Aside that i would be careful with "Dark_Wizzie"-results :lol:, it's more like 13797 * 1,6 [doubling to 8, minus 20%] * 1,6 [to 16] * 1,6 [to 32] * 1/8th*1,6 [from 16 to 32] = 56513 (+ the other 4 cores to 36), which is pretty reasonable given that a dual socket is way more complex and the Xeons are clocking way lower.

Maybe the guys/dragonmist can answer your question regarding stockfish-compiles.

> that the current hash value size for Stockfish is not optimal at longer time controls.


Indeed most engines, most noteably Houdart's Houdini in earlier versions, are/were optimized for quick engine-games, and there can/could be some useful tweaks for serious analysis.

Far well buddy!
Parent - - By Nimzy (*) Date 2017-01-05 18:58
Are you coming to Sweden? :) It is cold now though...

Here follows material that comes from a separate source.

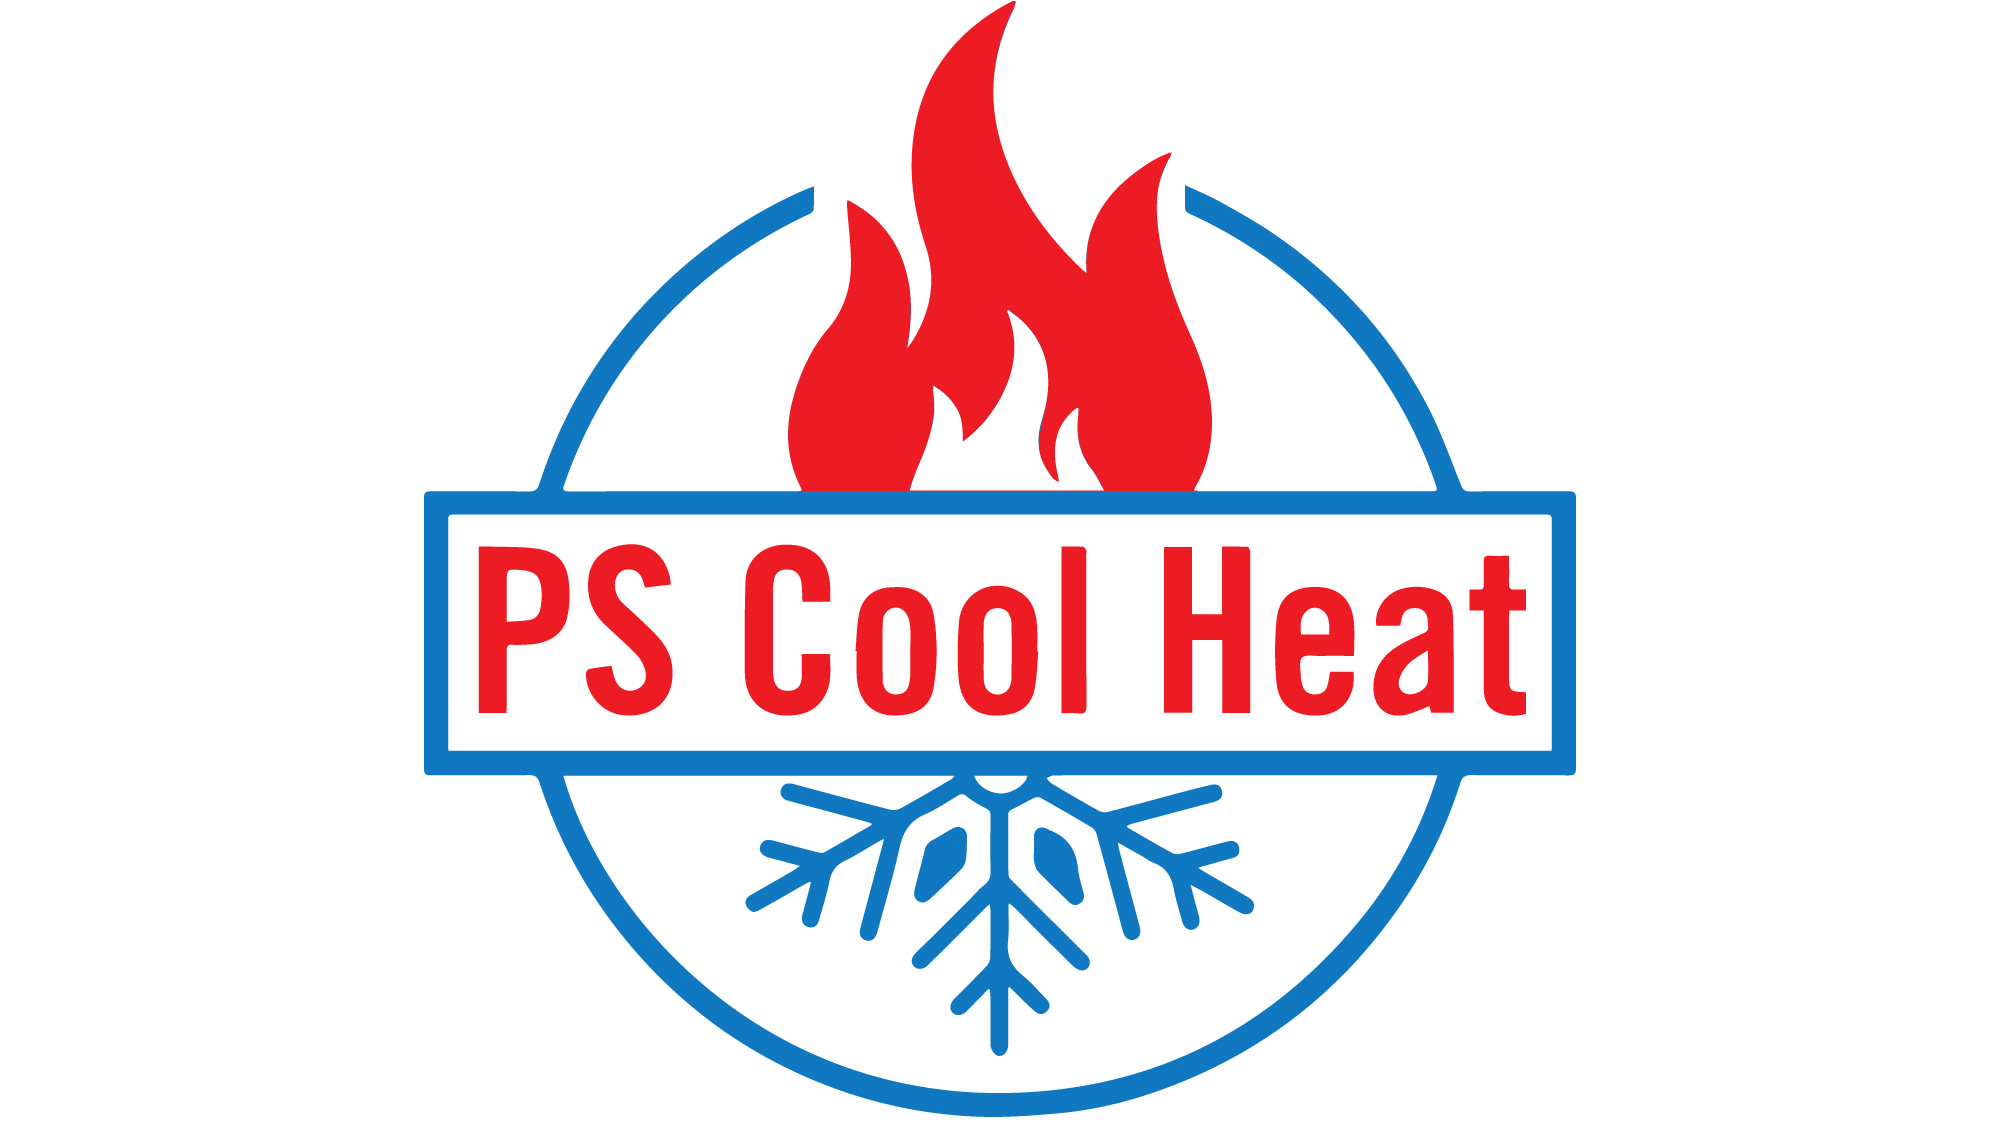 PS Cool Heat

> Did you take other numbers at a few hours, half day, one and two days? I expect pretty much absolutely no real [life] change beyond that 20% after three days (remember, every run looks a little different...). Beyond that, as i played (and won most, not losing a single...) a few corr-games as well, never ever did i have the impression that an analysis beyond three days, without manual interaction, makes sense at all (i have written above something about analysis already).

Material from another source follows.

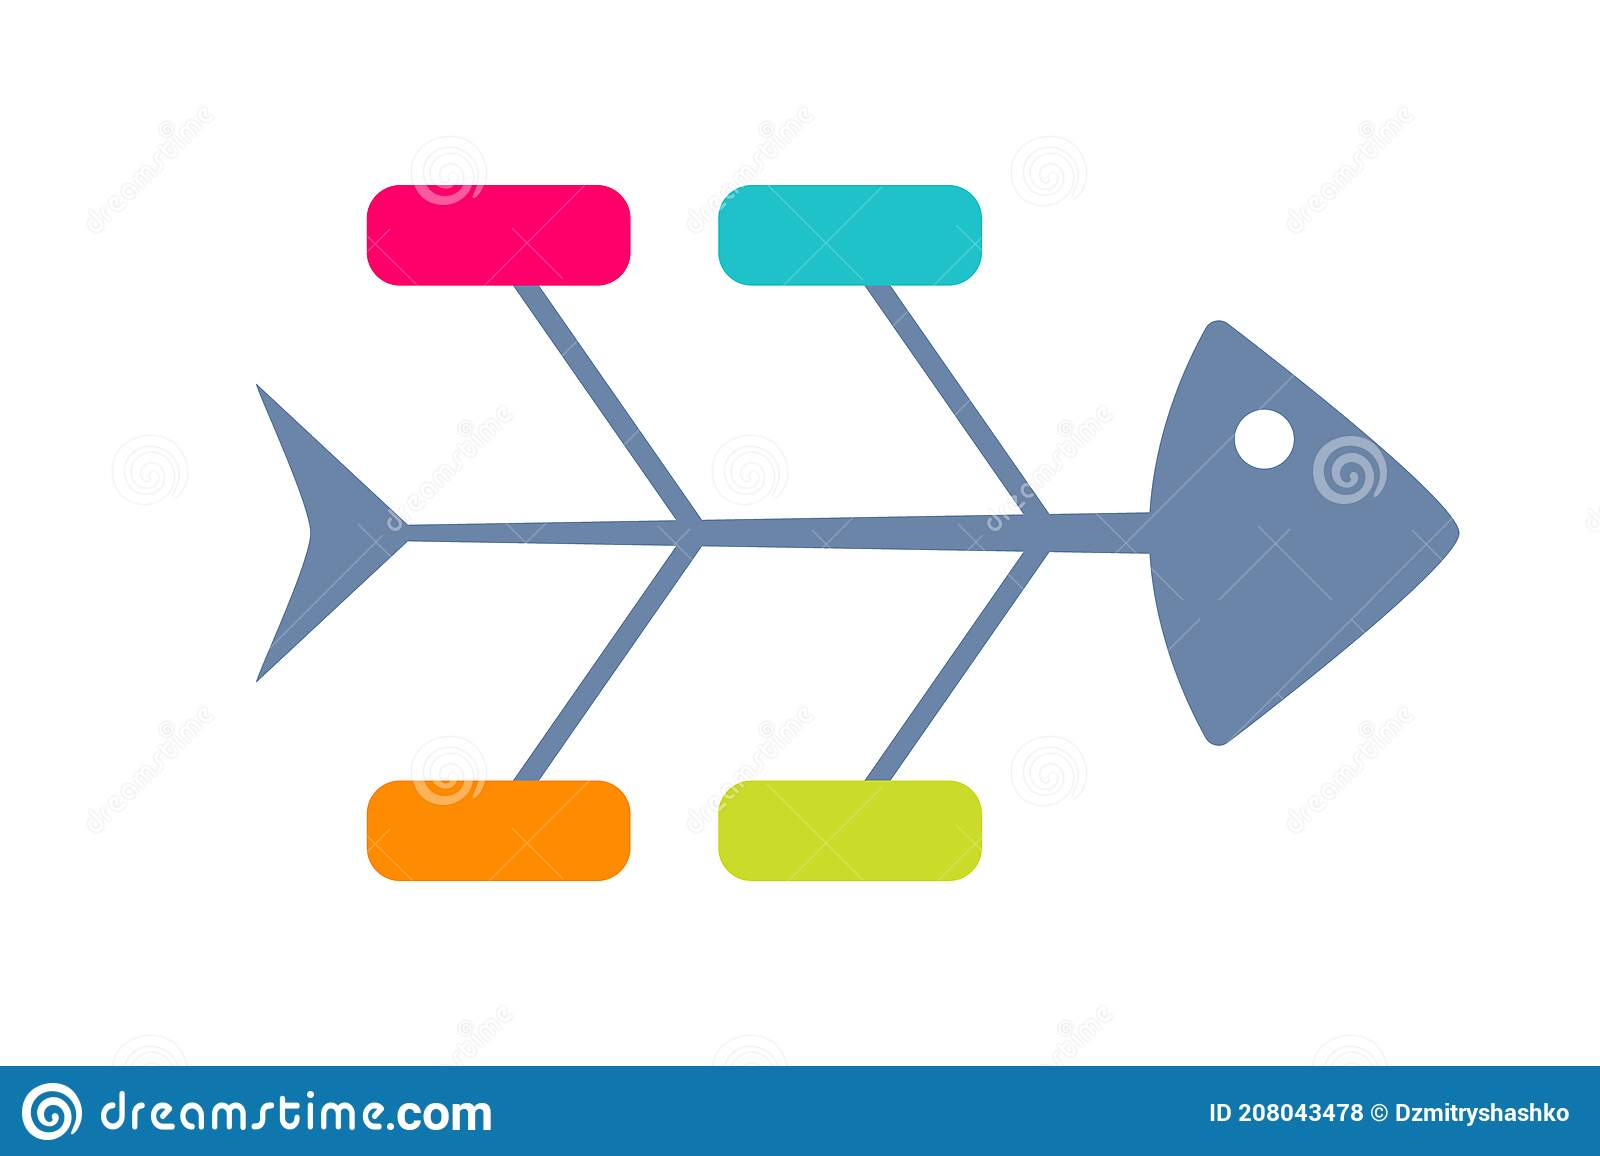 Fishbone Diagram Stock Illustrations – 10 Fishbone Diagram Stock

Well I agree with you on the real life thing, but I still think that from a theoretical viewpoint when for example each entry in the Hash table is worth a lot, approaching infinity as analysis time approaches infinity. From a theoretical viewpoint that is, from a practical viewpoint you are of course right.

I'm thinking of testing diminishing returns by comparing difference between d=19,20 vs difference between d29 and d30. My calculation said that a few hundre games would take a few weeks, so not right now :)

> Aside that i would be careful with "Dark_Wizzie"-results :lol:, it's more like 13797 * 1,6 [doubling to 8, minus 20%] * 1,6 [to 16] * 1,6 [to 32] * 1/8th*1,6 [from 16 to 32] = 56513 (+ the other 4 cores to 36), which is pretty reasonable given that a dual socket is way more complex and the Xeons are clocking way lower.


To be honest, I'm not sure about your calculation. The loss for each doubling of cores is 20%, so to compensate for that (to be able to compare them) 4cores @ X N/s would be equal in strength to 8 cores @ 1.25 X N/s. Which is what I wrote (except comparing it the other way around). Comparing with 2*0.8 (which you did) only makes sense if you do an actual doubling of cores (and not for comparing them). I hope I don't offend you - it is not my intention! :)

I've been reading up on LazySMP and realized depth testing with different amount of cores is not good either (since with more cores the search Tree gets thicker than normally). So matches with fixed times (like humans do) seems the way to go to compare different aspects, but with 500 games to get statistically assured values it will take ages :) One conclusion from all this testing is at least that AWS EC2 is cheap but cheap * a lot of time = not so cheap :)
Parent - - By Dark_wizzie (***) Date 2017-01-27 10:26
This is actually pretty off topic on more than one level, but I've submitted my Kaby Lake bench at Sedat's site already (7600k). Note that I had a lucky run on my 6600k and its score is a bit higher than it probably should have been.
Parent - - By Nimzy (*) Date 2017-01-28 10:30 Edited 2017-01-28 10:39
Haha, maybe off topic, but the name of the thread is "and other performance factors" and clearly both RAM and L3 cache wasn't as important as I thought at the beginning.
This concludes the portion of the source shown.